I got recommendations from 2 athletes with foot problems to see a particular PT. He showed me the damage in real-time using ultrasound, watched me walk, palpated the tendon, heel and calf like the orthopod never did. He referred me to an MD who treats sports injuries with prolotherapy, platelet injections, and stem cell injections. He was very honest, and assured me that many injuries respond well to these therapies, and that not not all can. Surgery is sometimes necessary. My wife did a little research and says the published data is very ambivalent. The orthopod says the data is pretty sketchy, and she would not recommend it For Me.
So, this has lead me to a few conclusions:
– You’ve Got to read the inserts on your medications, so you are aware of possible side effects. Don’t rely on your doctor’s office to educate you.
– Steroids seem to be better for improving joint injury than tendons and ligaments.
– Don’t think you Know Better Than Anybody Else What Is Best For You. Ask questions.

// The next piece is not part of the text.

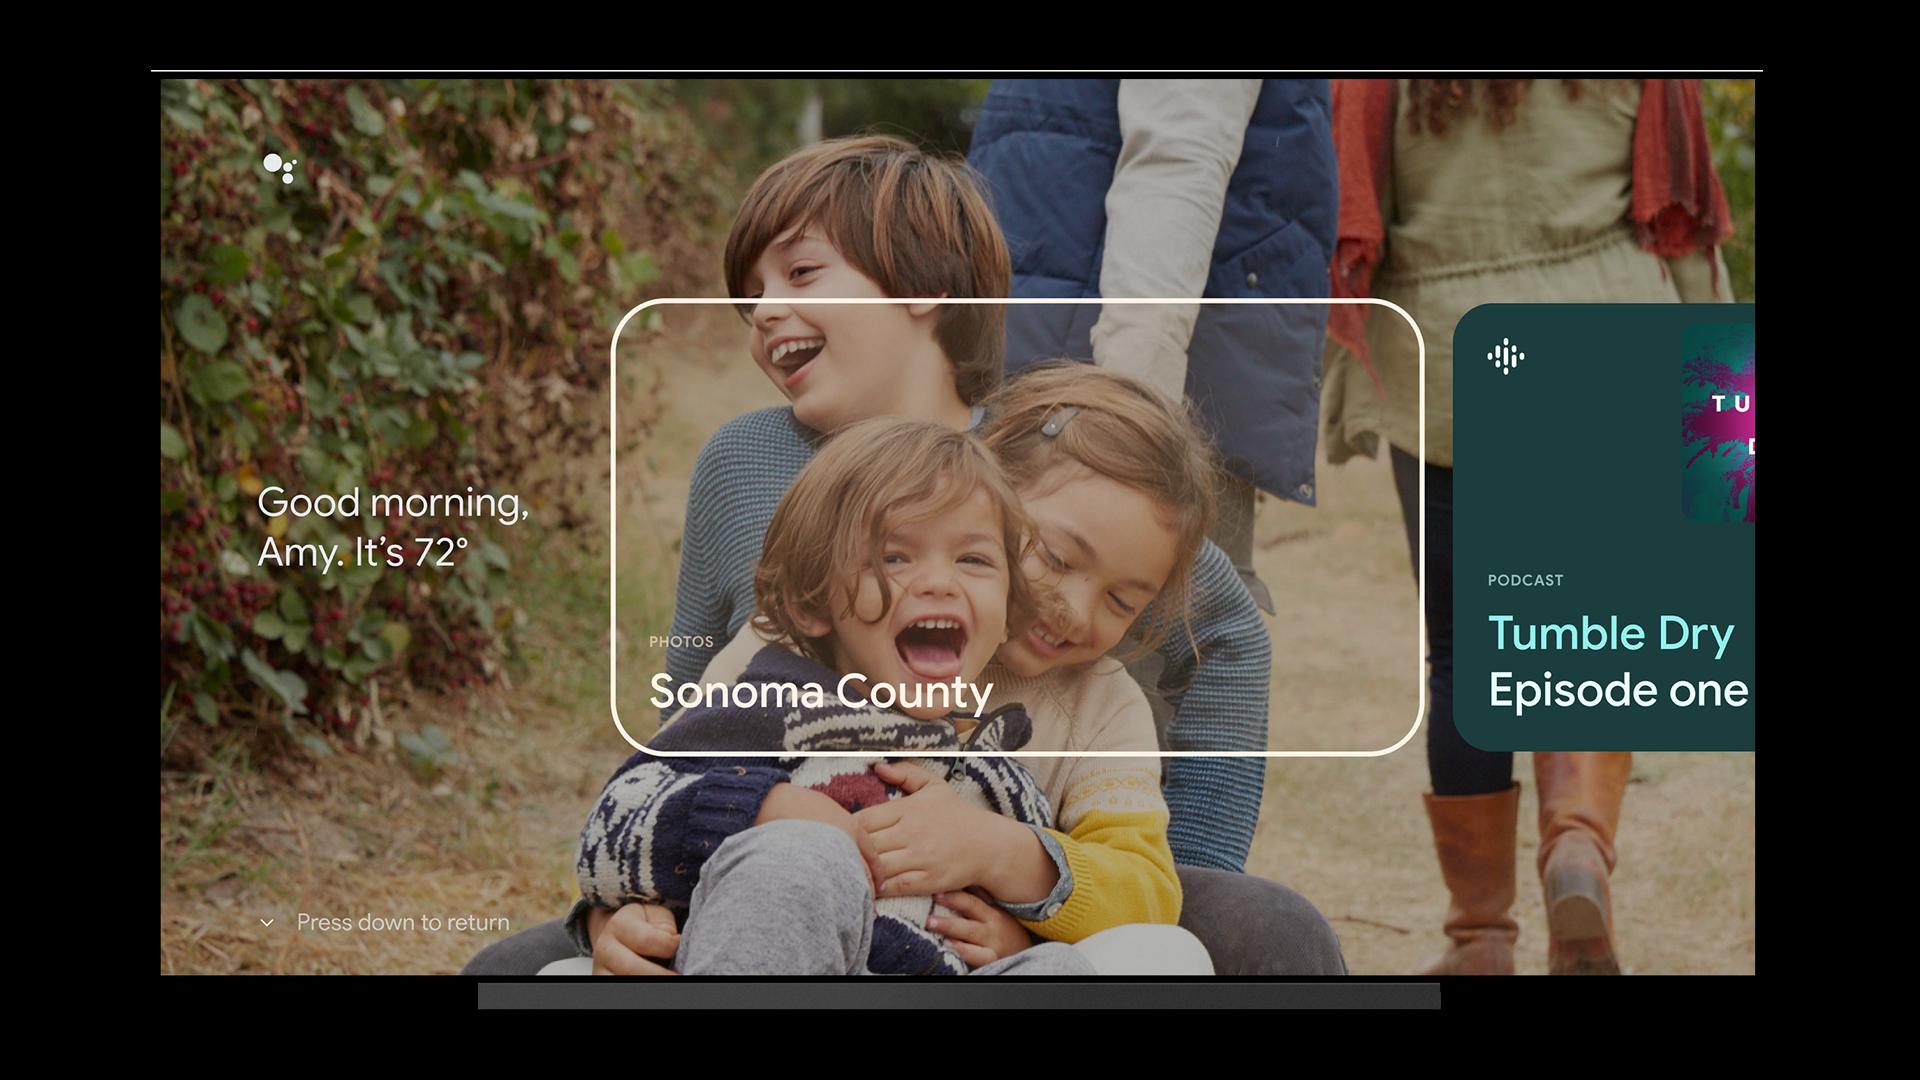 Google TV trong nháy mắt các thẻ được cá nhân hóa

And the experience has raised Lots of questions for me, having trained in the biological sciences and biomedical engineering, and being a life-long athlete. The tear occurred about 5 months ago. About 1 month ago I stopped doing the eccentric exercises and push-till -there-is-discomfort daily walks. So My Achilles feels better in general, but not very sturdy.
So, Questions:
1) Is there some time point, after the second steroid injection, at which I should try the exercised again?
2) Is it worth the $3000 price tag to try the regenerative therapy, if I feel like I can afford it?
Had a cirtisone needle yesterday all went well thought i would have a good night sleep well up at 2:30am pain came back took panadine fort pain still here at 4:30am – say it could be this way for 48 hours then subside after then i 🙏
Can someone please tell me if steroid injections cause insomnia like the tablets do? I’m on the tablets at present and haven’t slept in months and now desperate. Thinking of trying the steroid injection but worried it also causes insomnia. Does anyone have any experience of this please?